Wow, that really sucks. So if I record it in the living room, the only thing I can do to watch it in another room is move the whole unit. I can't steam it or move an external drive.

From reading through the forums, One thought I'm having right now is attaching a diplexer to the living room so I can watch the DVR in other rooms. Does anybody know of a link that covers diplexer basics? Also can anyone confirm that the remote that comes with the HR21 is rf?


----------



## smoking_rubber (Dec 21, 2005)

sublue said:


> 3) do you know if On demand works for the HR-21, (Driectv website says only HR20)?
> 
> 4) Is the free content of On demand any good? Example: Does it have the past 3 seasons of Battlestar Galactica? Does the free content have any good movies or just b-flicks from 1981? I can't evaluate it without the system.
> 
> ...


As far as I know, ON DEMAND is a cable feature. ON DEMAND is not available through Directv. I have never seen it on my HR20 and I couldn't find anything about it on Directv's website. I'd be interested in using this feature if it were available, but it's not (as far as I can tell).

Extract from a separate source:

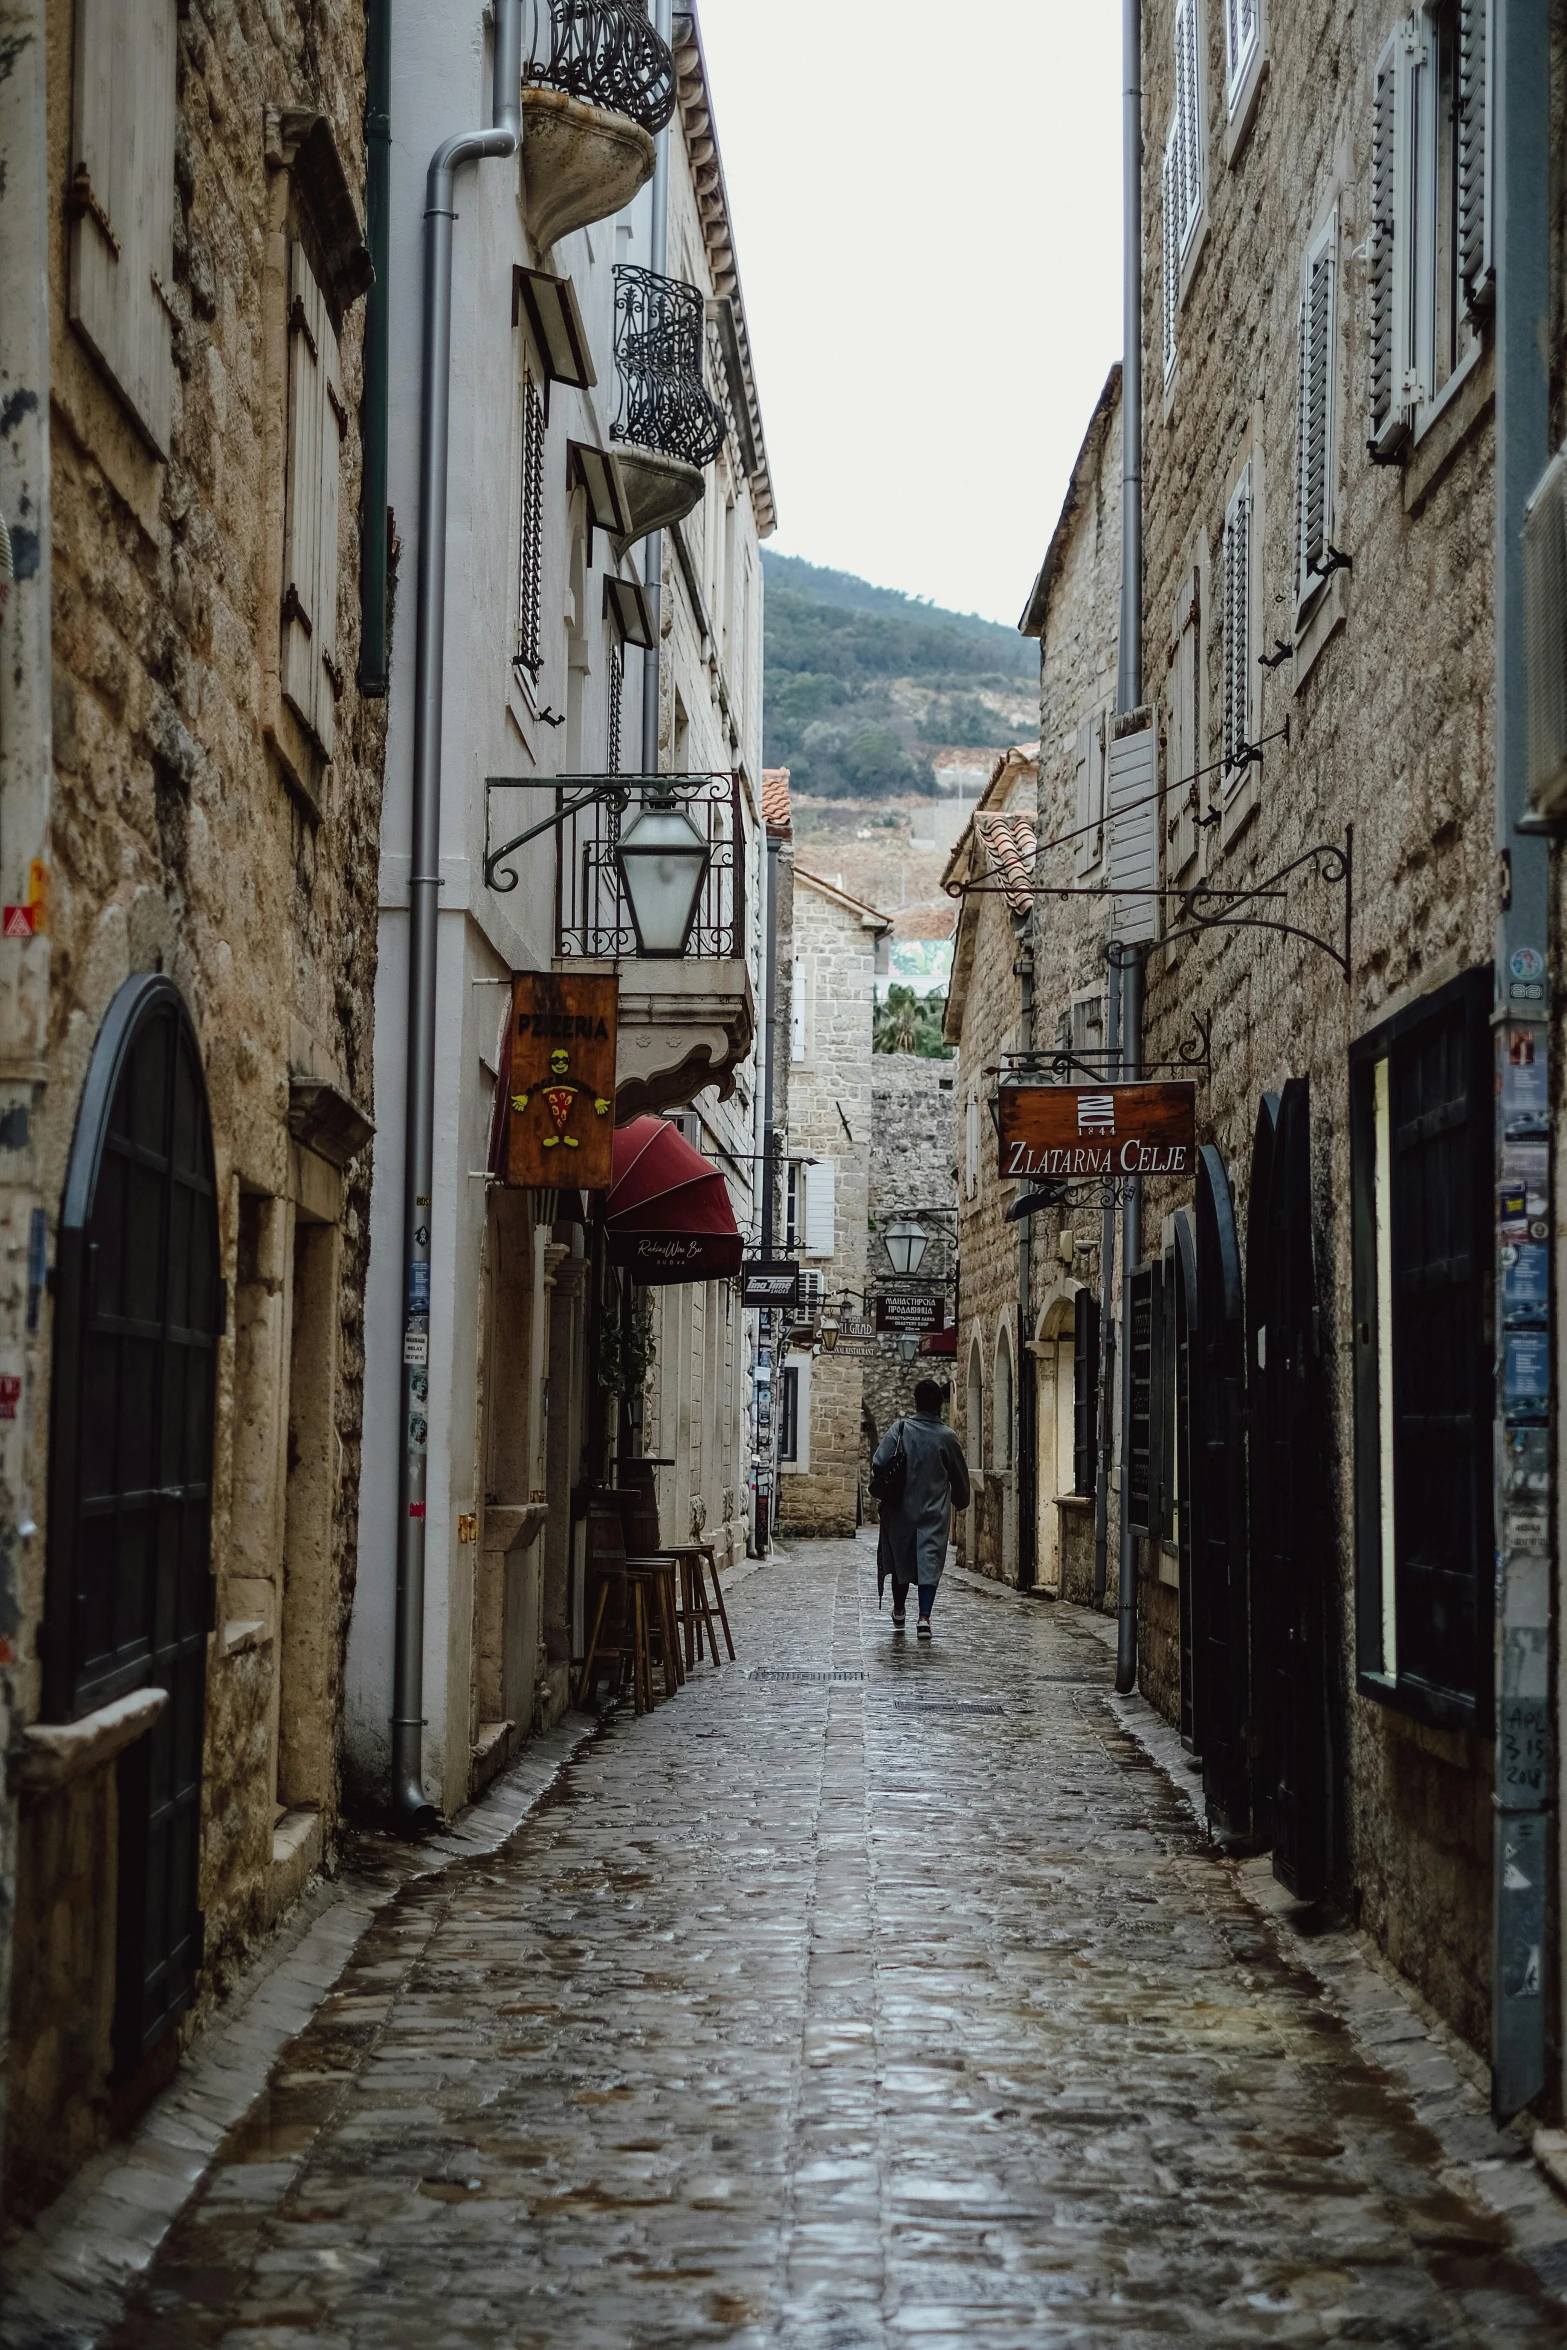 the two men are walking in the narrow alley way
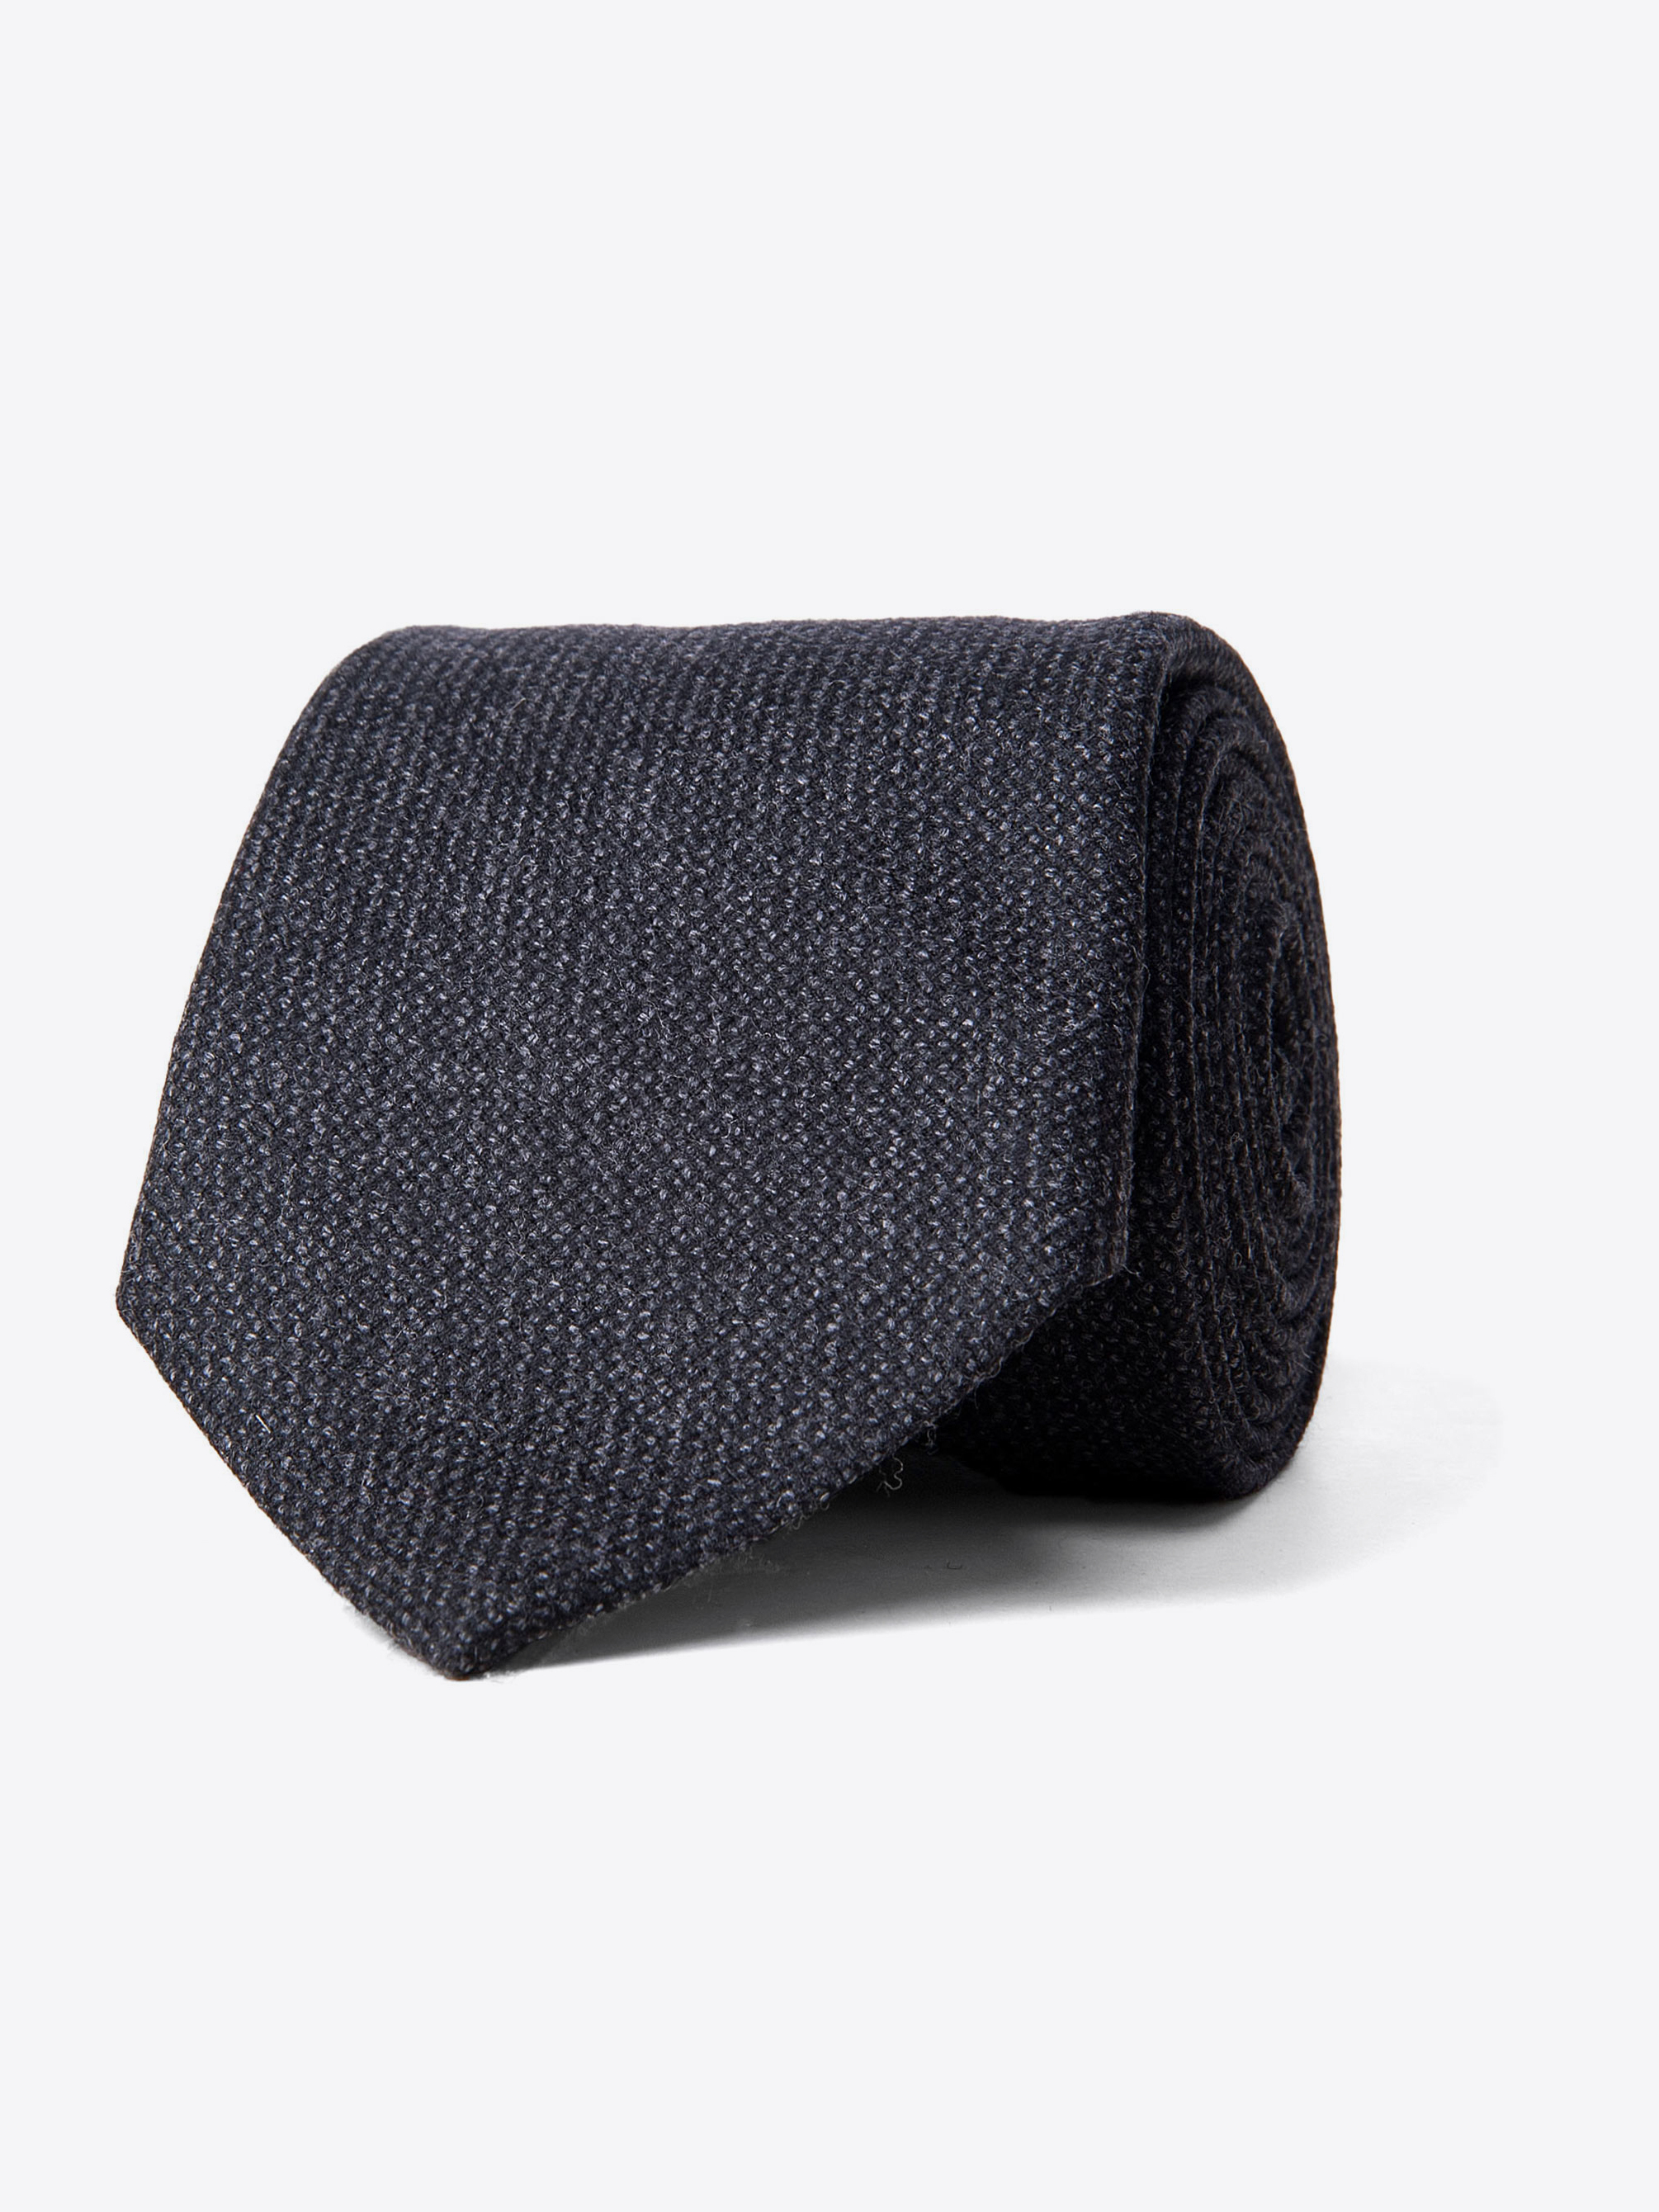 Zoom Image of Charcoal Solid Cashmere Tie

Correction: It's only available through the internet connection on the HR20. My DVR is not connected to my network (who knew it did anything).

Info:
http://www.dbstalk.com/archive/index.php/t-105326.html


----------



## JimSpence (Sep 19, 2001)

DirecTV does have On Demand for the HR20s. Not quite yet for the HR21.
See this forum.
http://www.dbstalk.com/forumdisplay.php?f=137

Currently the content for it is somewhat limited, no network shows.


----------



## sublue (Nov 10, 2005)

smoking_rubber said:


> As far as I know, ON DEMAND is a cable feature. ON DEMAND is not available through Directv. I have never seen it on my HR20 and I couldn't find anything about it on Directv's website. I'd be interested in using this feature if it were available, but it's not (as far as I can tell).


Smoking Rubber, Also see:

http://www.directv.com/dod/dod.html


----------